Why in the field theory, particle's motion is described by 0+1 dimensional field theory?

Question

I started reading the lecture notes on Path integral formulation by Ashoke Das. At the very first page of the introduction chapter, he says that - "a theory describing the motion of a particle can be regarded as a special case, namely, we can think of such a theory as a $(0+1)$ dimensional field theory".

I don't understand why this is so. Maybe it is a very trivial question but I couldn't find a straightforward answer. I am puzzled by thinking why the time is enough to describe the motion? A particle surely has spatial dimension and can move in a 3-dimensional space as well. In absence of any external potential, a particle moves in a straight-line with constant velocity. This certainly requires a $1+1$ description. Doesn't it?

Answer 1

Field theory in $(0+1)$ dimensions is formally equivalent to particle mechanics. To see why let's first consider a scalar field $\phi$ in $(d+1)$ dimensions: it specifies a field value $\phi(t, x_1,...,x_d)$ for each point $(t, x_1,...,x_d)$ in spacetime. Therefore, the field is a map from spacetime to real numbers:

$$(t, x_1,...,x_d) \rightarrow \phi(t, x_1,...,x_d).$$

On the other hand, the trajectory of a particle in $(d + 1)$ spacetime dimensions gives you a point in space for each time.

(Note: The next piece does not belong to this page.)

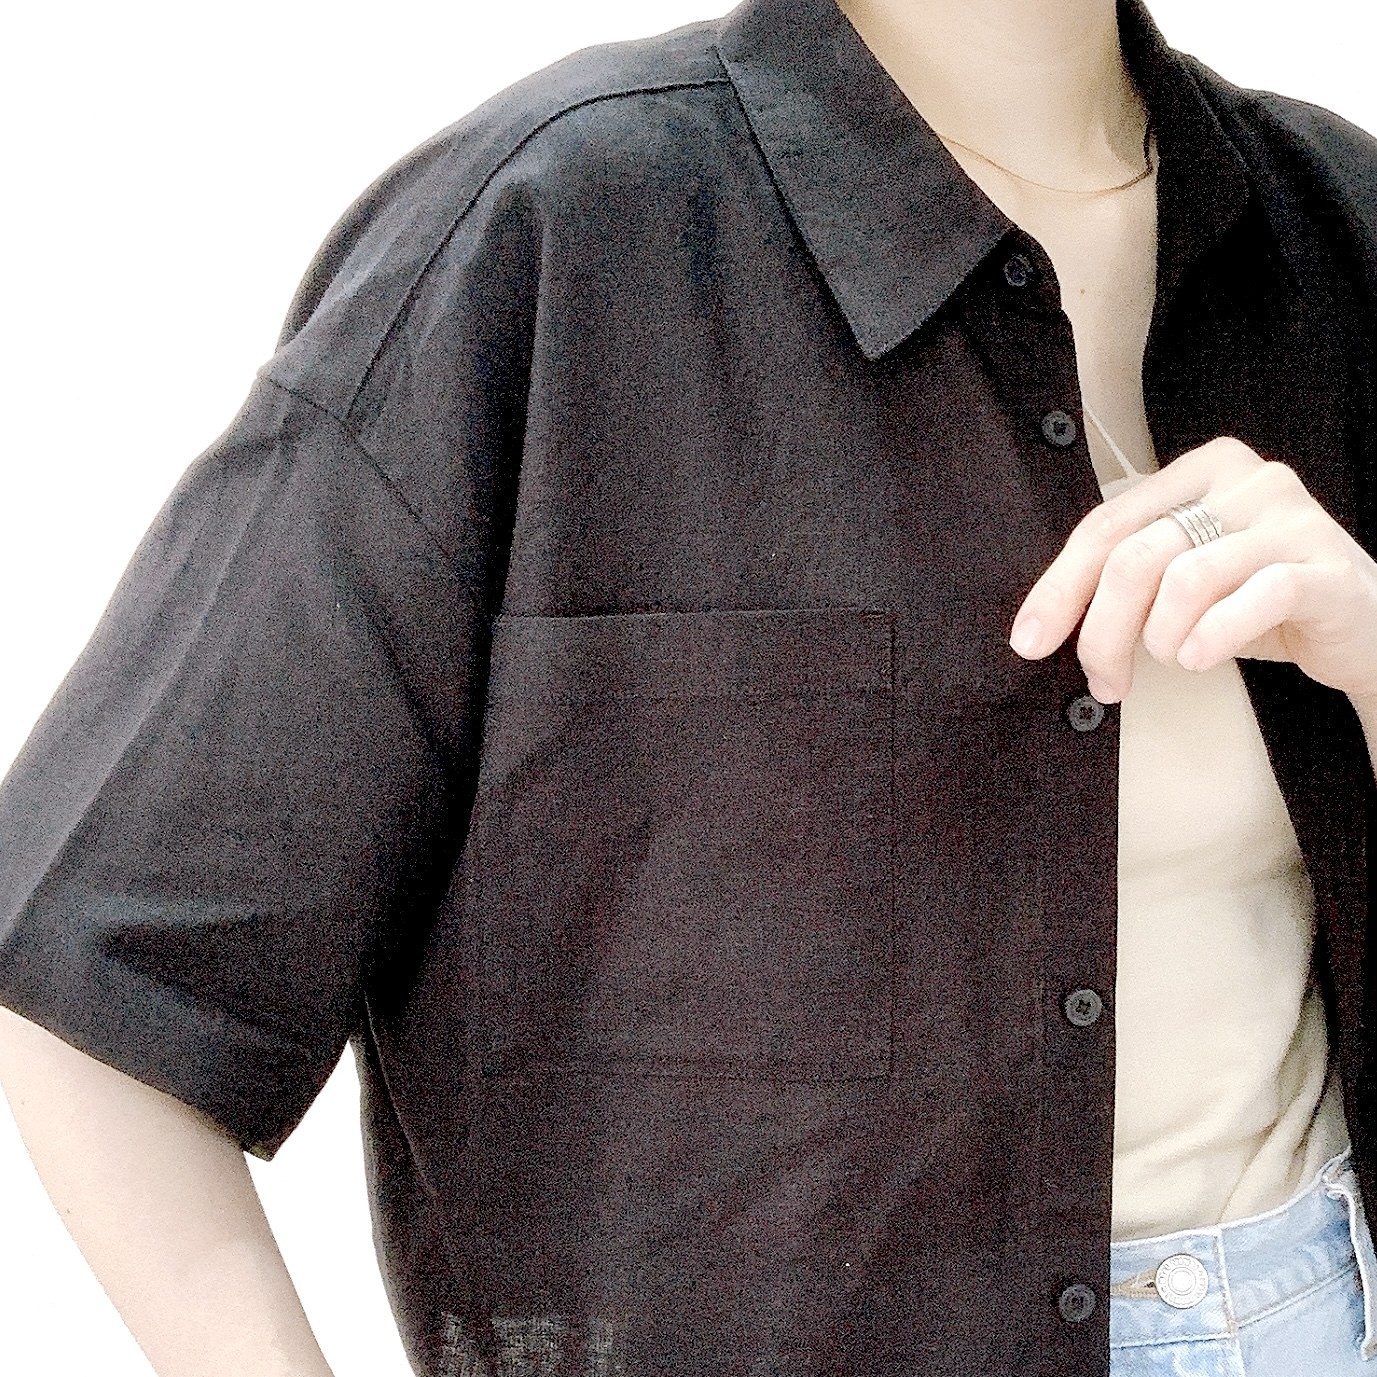 GU（ジーユー）のおすすめのレディースアイテム「リネンブレンドクロップドシャツ（5分袖）」

The trajectory can be viewed as a map

$$t \rightarrow (\phi_1(t), . . . , \phi_d(t)).$$

I used the symbol $\phi_i(t)$ instead of the more common $x_i(t)$ to make more evident the analogy with the field case: the "output" of the "trajectory map" is $d$ real numbers but the "input" space is just the real line, formally a $(0+1)$ spacetime (i.e. only time!).

In short: a collection of $d$ scalar fields $\phi_i$ over $(0+1)$ spacetime is equivalent to the trajectory (or world line) of a particle in $(d+1)$ spacetime.

Note: it is also possible to consider $0+0$ "field theory", but this is another story, see this question.